Podpisanie konwencji o statusie prawnym Morza Kaspijskiego kończy wieloletnie spory państw leżących nad tym akwenem o sposób jego podziału. Problem rozwiązano w oryginalny sposób: nie uznając M. Kaspijskiego od strony prawnej ani za morze, ani za jezioro. Porozumienie z Aktau usuwa przeszkody dla budowy transkaspijskich rurociągów, którymi można eksportować na zachód węglowodory z Azji Centralnej (przede wszystkim chodzi o Gazociąg Transkaspijski) omijając Rosję. Dlaczego więc Moskwa się na to zgodziła?
Na szczycie państw nadkaspijskich (Rosja, Iran, Azerbejdżan, Turkmenistan, Kazachstan) w kazachskim Aktau 12 sierpnia podpisano konwencję o statusie prawnym Morza Kaspijskiego. Akwen ten zyskuje szczególny status prawny. W świetle porozumienia jest to teraz „wewnątrzkontynentalny akwen”. Nie znajdują więc zastosowania zapisy międzynarodowego prawa odnośnie morza i jeziora transgranicznego. Szczegółowa delimitacja jeszcze nastąpi, ale już wiadomo, że inaczej będzie podzielone dno, a inaczej powierzchnia wody. Zgodnie z konwencją państwa przybrzeżne otrzymują pełną jurysdykcję nad surowcami pod swoim dnem, ale status prawny wód nad nim będzie inny.
Nad dokumentem pracowano od 1996 roku. Dlaczego udało się dojść do porozumienia właśnie teraz? Główna linia sporu przebiegała między Moskwą a Teheranem i dotyczyła sposobu podziału akwenu i zasobów energetycznych. Ostatnio kwestie bezpieczeństwa odsunęły w cień sprawy energetyczne – zarówno w optyce Moskwy, jak i Teheranu. Rosji i Iranowi zależało na prawnym zablokowaniu możliwości pojawienia się na akwenie obcych sił wojskowych. Moskwa i Teheran z niepokojem patrzą na używanie terytorium Azerbejdżanu i Kazachstanu przez Amerykanów do tranzytu dostaw do Afganistanu. Prezydent Hassan Rowhani w Aktau wskazał, że jeden z punktów konwencji przewiduje zakaz stacjonowania na Morzu Kaspijskim sił zbrojnych krajów spoza kaspijskiej piątki.
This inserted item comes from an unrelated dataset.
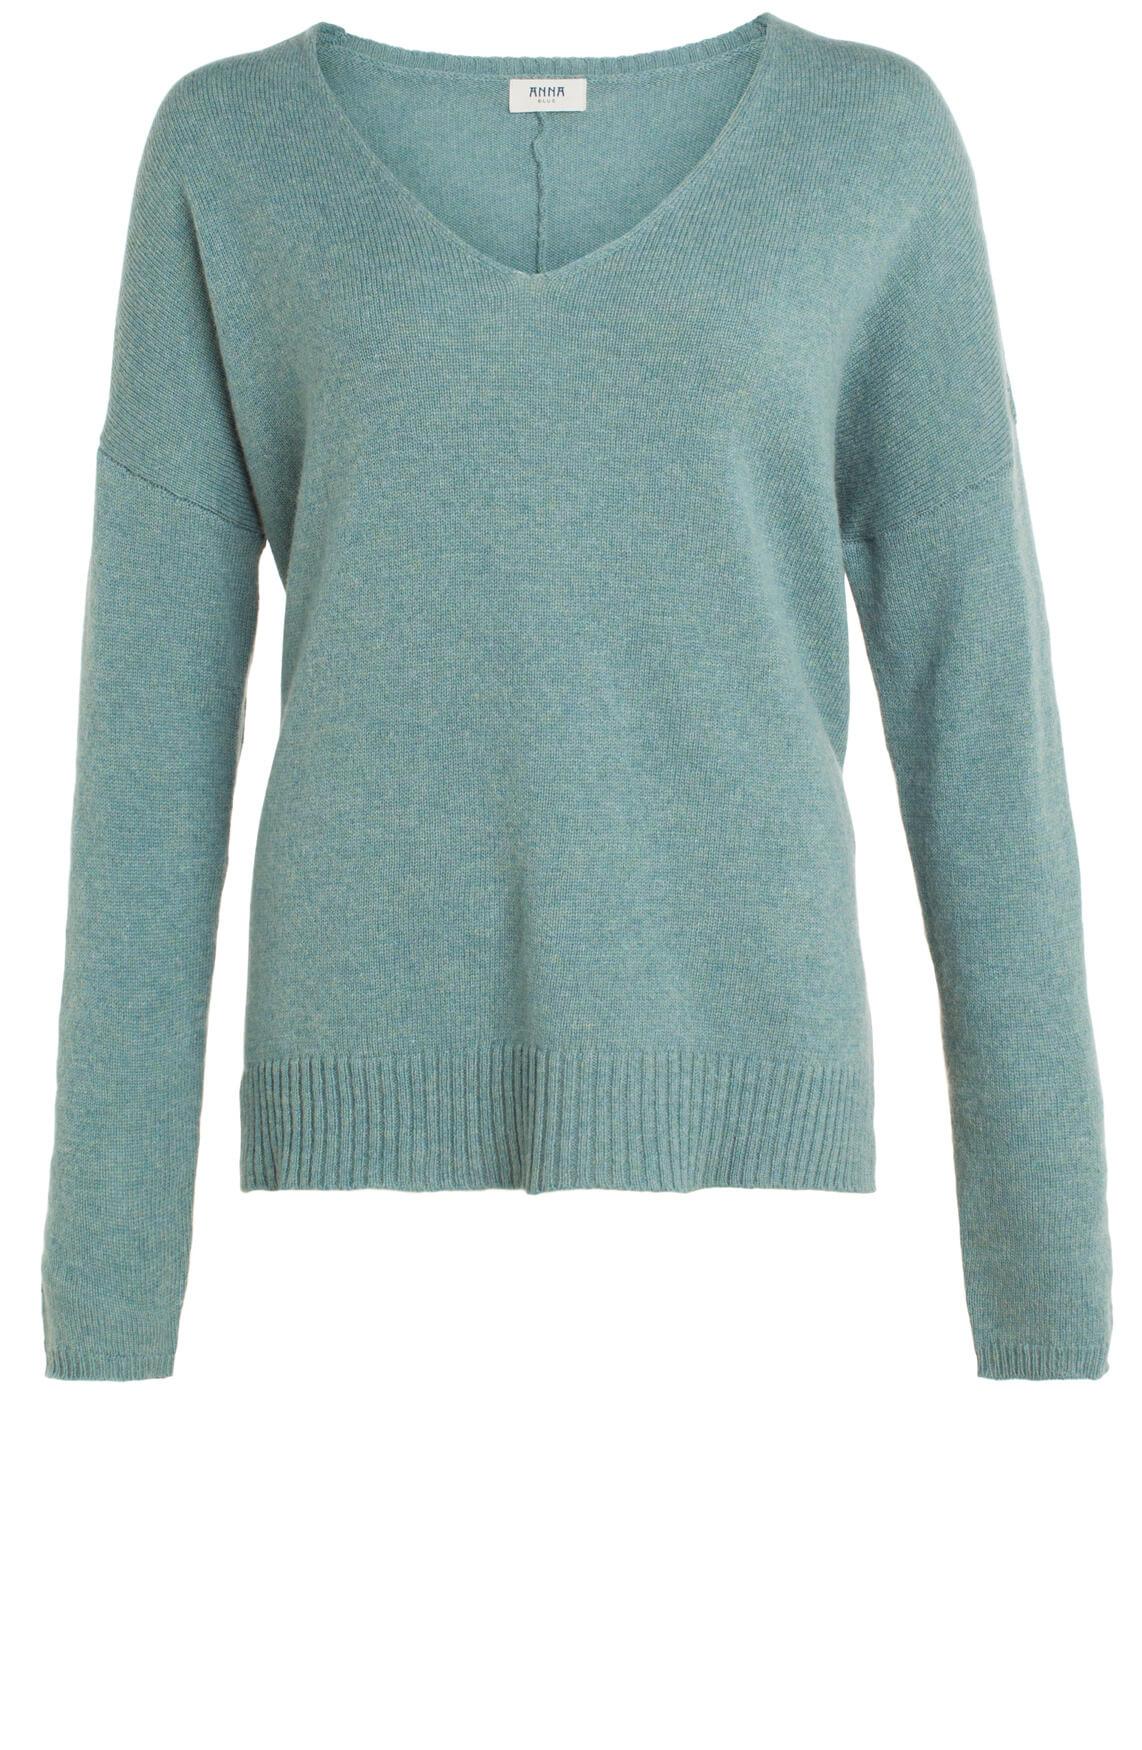 Anna Blue Dames Gemêleerde pullover groen
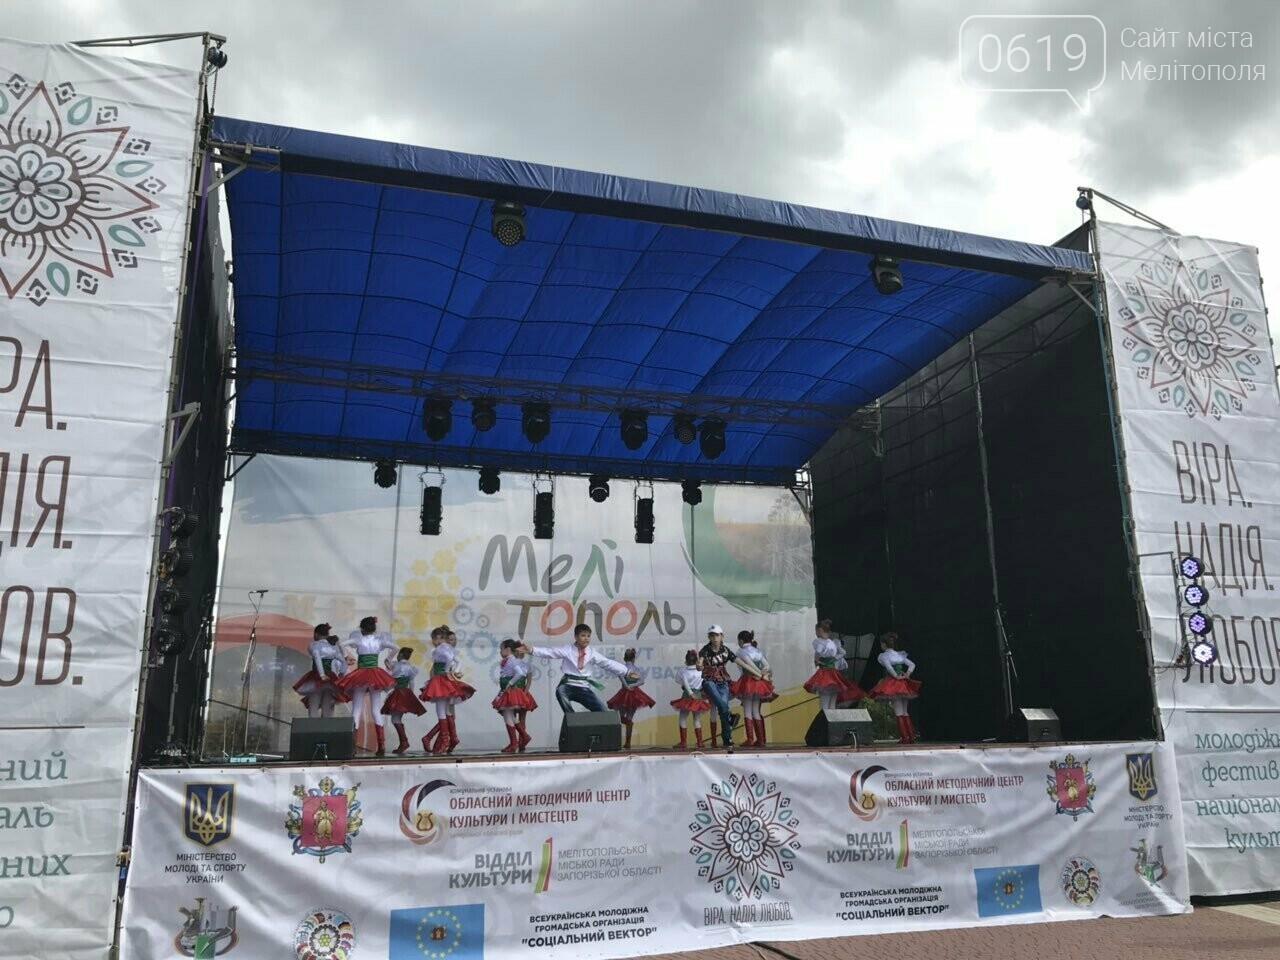 Вкусные блюда, яркие костюмы, выставки-ярмарки: в Мелитополе проходит фестиваль национальных культур, фото-3

Akwen ma bogate złoża węglowodorów i stanowi naturalną barierę między ogromnymi złożami turkmeńskiego gazu ziemnego a Europą. W 2012 roku kaspijskie rezerwy szacowano na 48 mld baryłek ropy i 292 bln m³ gazu. Porozumienie ułatwi rozwój eksploatacji i eksportu surowców. Konwencja przewiduje, że np. Rosja nie może ingerować w realizację projektu Gazociągu Transkaspijskiego (TCP) łączącego Turkmenistan z Azerbejdżanem. TCP dałby Turkmenom bezpośredni punkt dostępu do biegnącej do Europy infrastruktury transportowej znanej jako Południowy Korytarz Gazowy. Gazociąg Transkaspijski byłby przykładem zachęcającym innych. Na przykład większość idącego obecnie na zachód eksportu ropy z Kazachstanu idzie lądem, poprzez rurociągi rosyjskie, lub tankowcami przez M. Kaspijskie. Pojawienie się Gazociągu Transkaspijskiego otwierałoby możliwość poprowadzenia wzdłuż tej samej trasy ropociągu.
Dlaczego Rosjanie odblokowali możliwość budowy omijającego Rosję TCP? Moskwa może też w ten sposób zyskać argument w rozmowach w Brukseli, wskazując, że nie blokuje konkurencji dla Nord Stream 2. Problem w tym, że wielkiego zapotrzebowania na gaz turkmeński w Europie nie ma. Z jednej strony konsumpcja nie wzrośnie znacząco w najbliższym czasie, a i tak jest zaspokajana przez Rosję. Z drugiej strony pojawiają się konkurenci, w rodzaju Egiptu. Zmieniła się sytuacja. Kiedyś Moskwa mogła się obawiać, że kaspijski surowiec będzie liczącym się rywalem dla Gazpromu, dziś dostawy turkmeńskie prędzej rywalizowałyby z amerykańskim LNG. Jest też inny możliwy motyw działania Rosjan. Otóż TCP oznaczałby dywersyfikację eksportu turkmeńskiego gazu. Obecnie kraj ten, posiadając czwarte na świecie rezerwy gazu, niemal wszystko sprzedaje do Chin. Duże ilości turkmeńskiego gazu na rynku chińskim negatywnie wpłyną zaś na cenę i wielkość eksportu rosyjskiego gazu do Chin przez budowany obecnie gazociąg Siła Syberii. Moskwa może zresztą łatwo uśmiercić ideę TCP – wystarczy, że wznowi import gazu z Turkmenistanu (wstrzymany w styczniu 2016). Takie sygnały płyną już z rosyjskiego ministerstwa energii. Rosjanie mogą kupować turkmeński surowiec lub zaoferować jego tranzyt do Europy swoimi gazociągami.